In Bernardo Bertolucci’s Stealing Beauty, the director trained his camera extensively on Liv Tyler’s then-teenaged countenance, to the point where the film seemed a meditation on the elusive nature of beauty, the bridge between innocence and experience, and the contours of this particular woman’s face. Twelve years later, in writer/director Bryan Bertino’s alternately artful horror flick The Strangers, Tyler’s face is again the main event, filling the screen with unnerving regularity. This time, though, Tyler mainly earns her paycheck for her range of pallid, be-spooked facial expressions. During the course of the film’s thankfully brief runtime, she’s having a prolonged angst attack. Us, ditto, in its most effective moments.

At the end of the day, The Strangers is a fairly smart exercise in postB-movie aesthetics, replete with the lame emo plot setup, protracted creepiness, and enough shock tactics to keep us on edge. Tyler and her boyfriend (Scott Speedman) are having a bad night in his father’s remote house, after she refuses his marriage proposal. At 4 a.m., enter the masked mad folks and a cruel game of slow-brew terror. Where Bertino deviates from the cliched rules of the horror game is through careful manipulation of narrative divulgence. Ambiguous foes with ambiguous objectives can be all the more unsettling for the mystery.

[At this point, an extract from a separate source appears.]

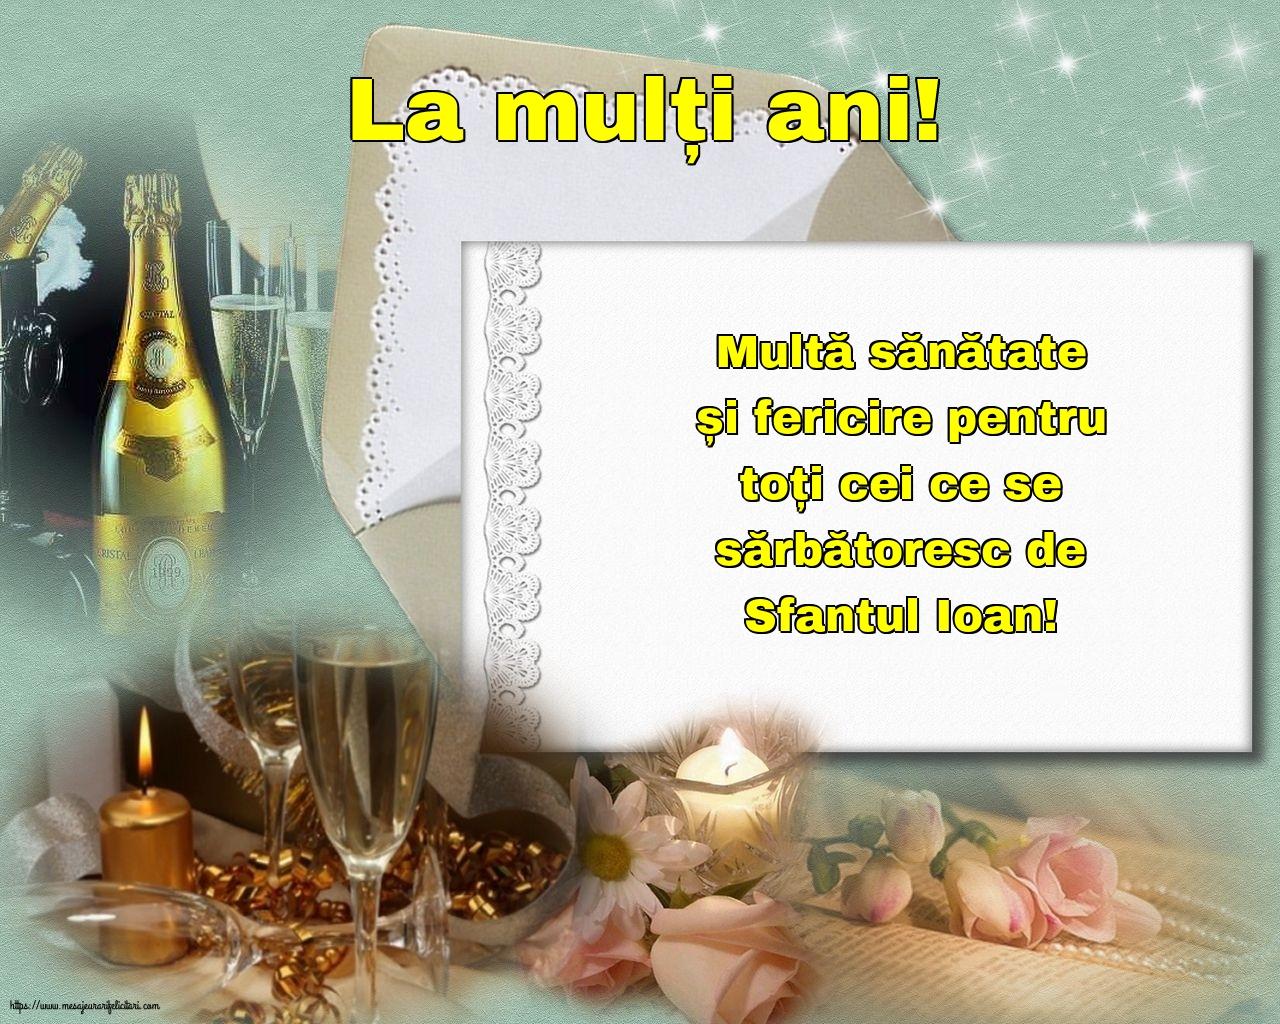 Cele mai apreciate felicitari de Nasterea Sfantului Ioan - La mulți ani!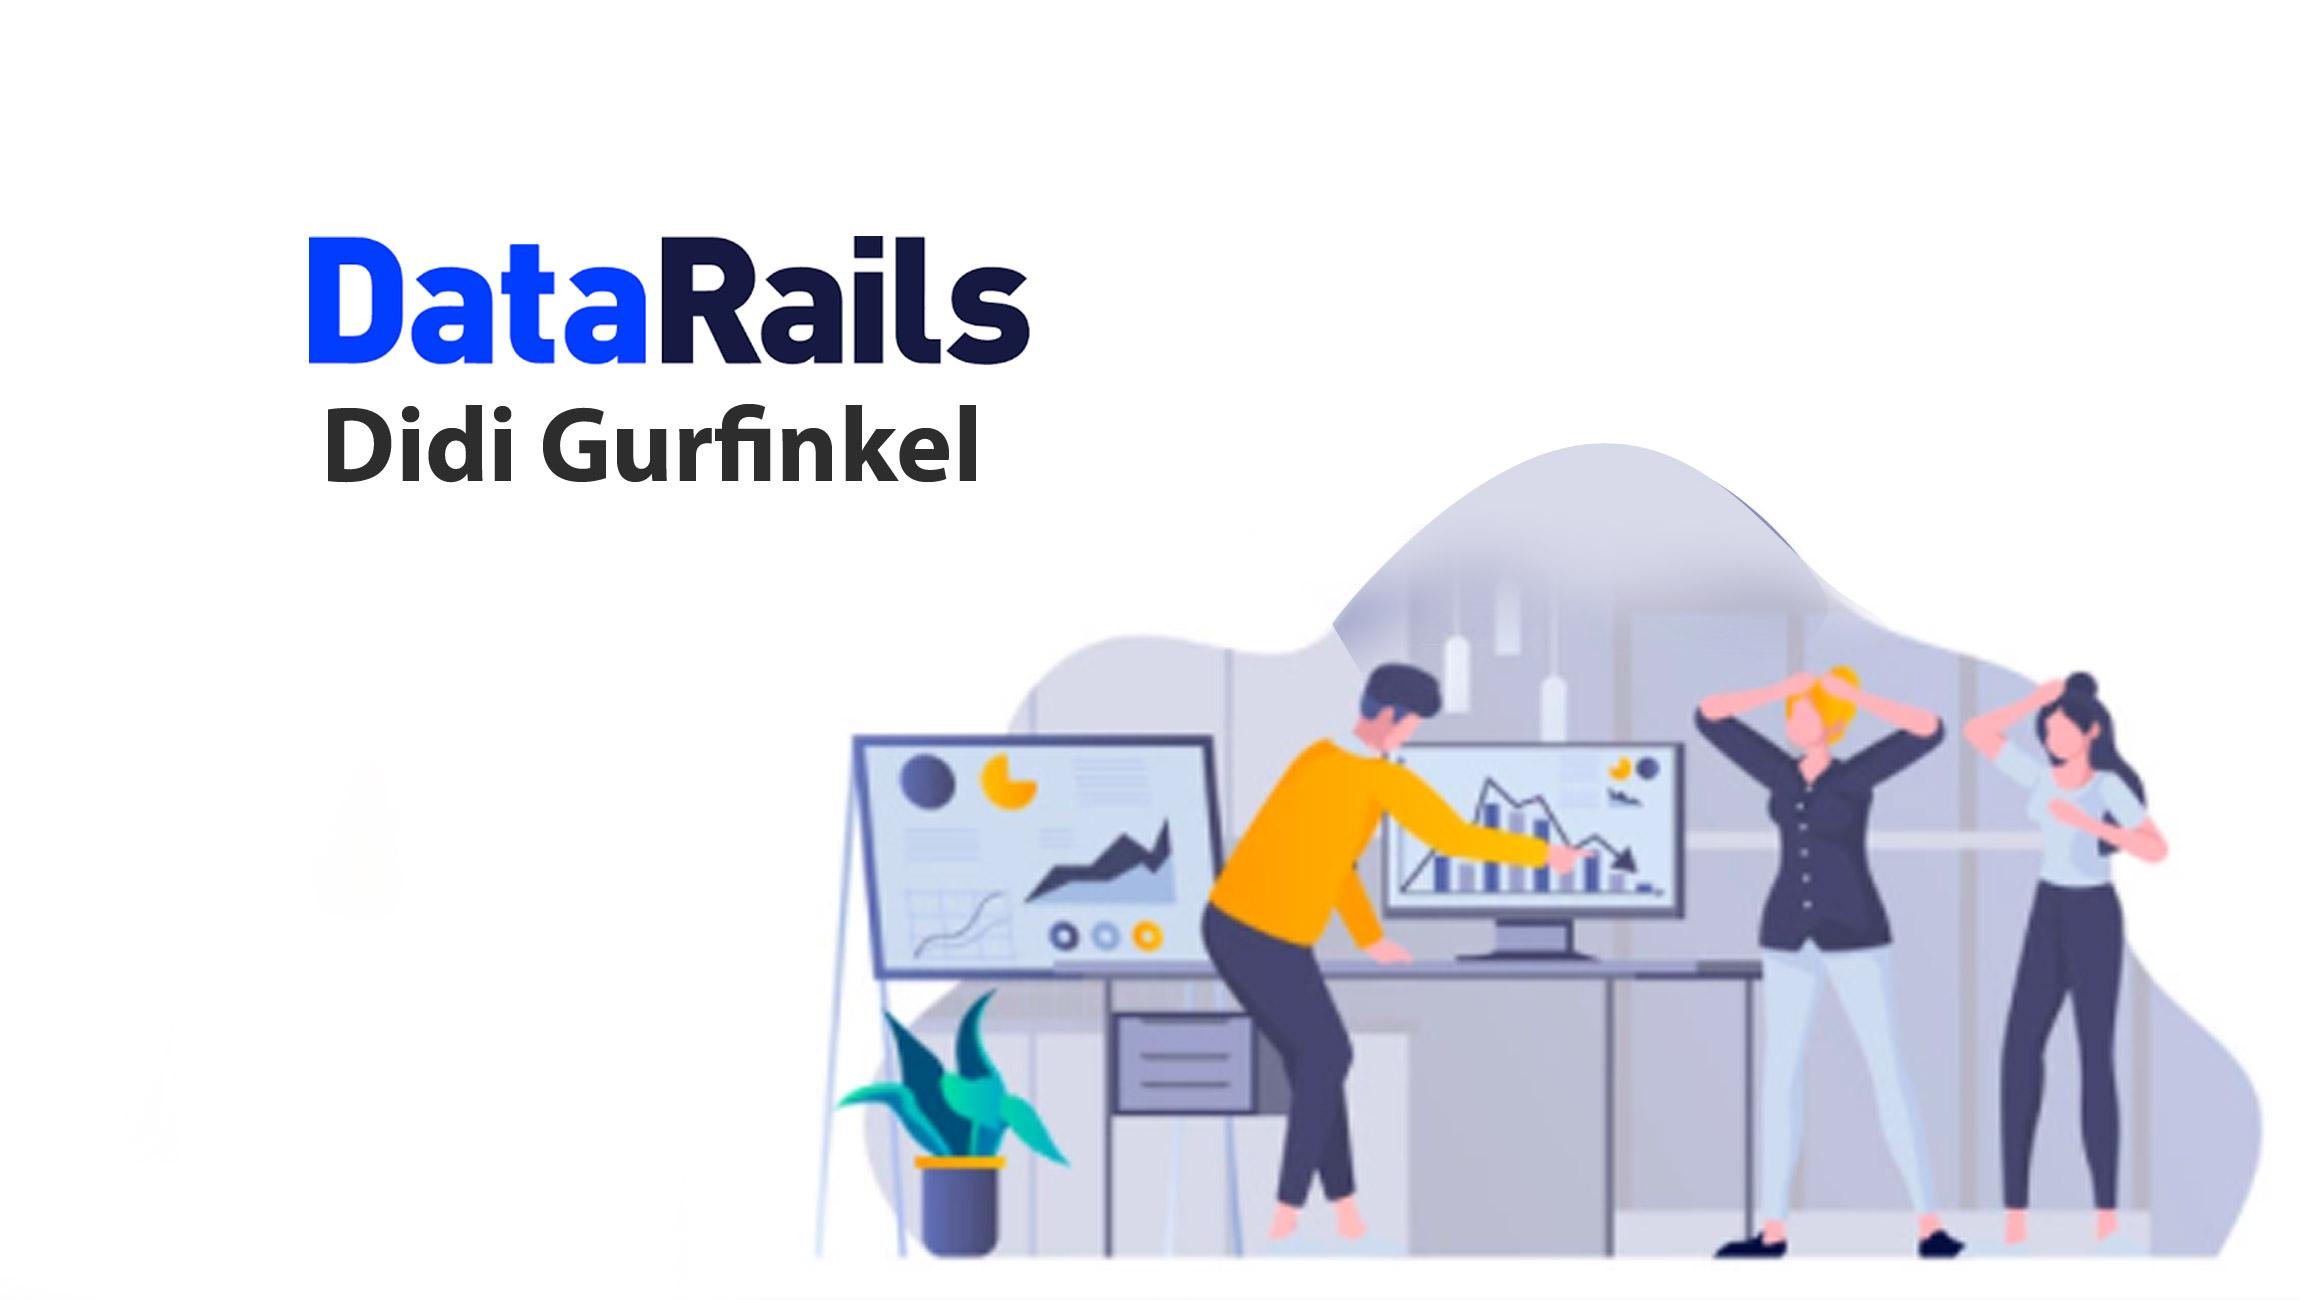 Didi-Gurfinkel_SalesTechStar-guest-DataRails

Bertino also makes use of minimalist resources. In that the story unfolds (and simmers and erupts) solely in the isolated house in the wee hours, Bertino generates a claustrophobic aura, aided by tomandandy’s insinuating, drone-y music. The house itself becomes a central, ominous character, irradiated with dread. Its various rooms and furniture-not to mention the well-knocked-on wooden front door-become all too familiar, and haunted.

In one of the film’s ripest scenes, Merle Haggard is singing “Mama Tried” on the turntable, as assorted tensions percolate inside the house, including a cocked and aimed gun and nerves frayed to breaking point. If it wasn’t so nervous-making and so denied the usual horror flick in-jokes, The Strangers would be a lot of fun, but it creates its own kind of dark psychological party. And Tyler’s mug is the party logo.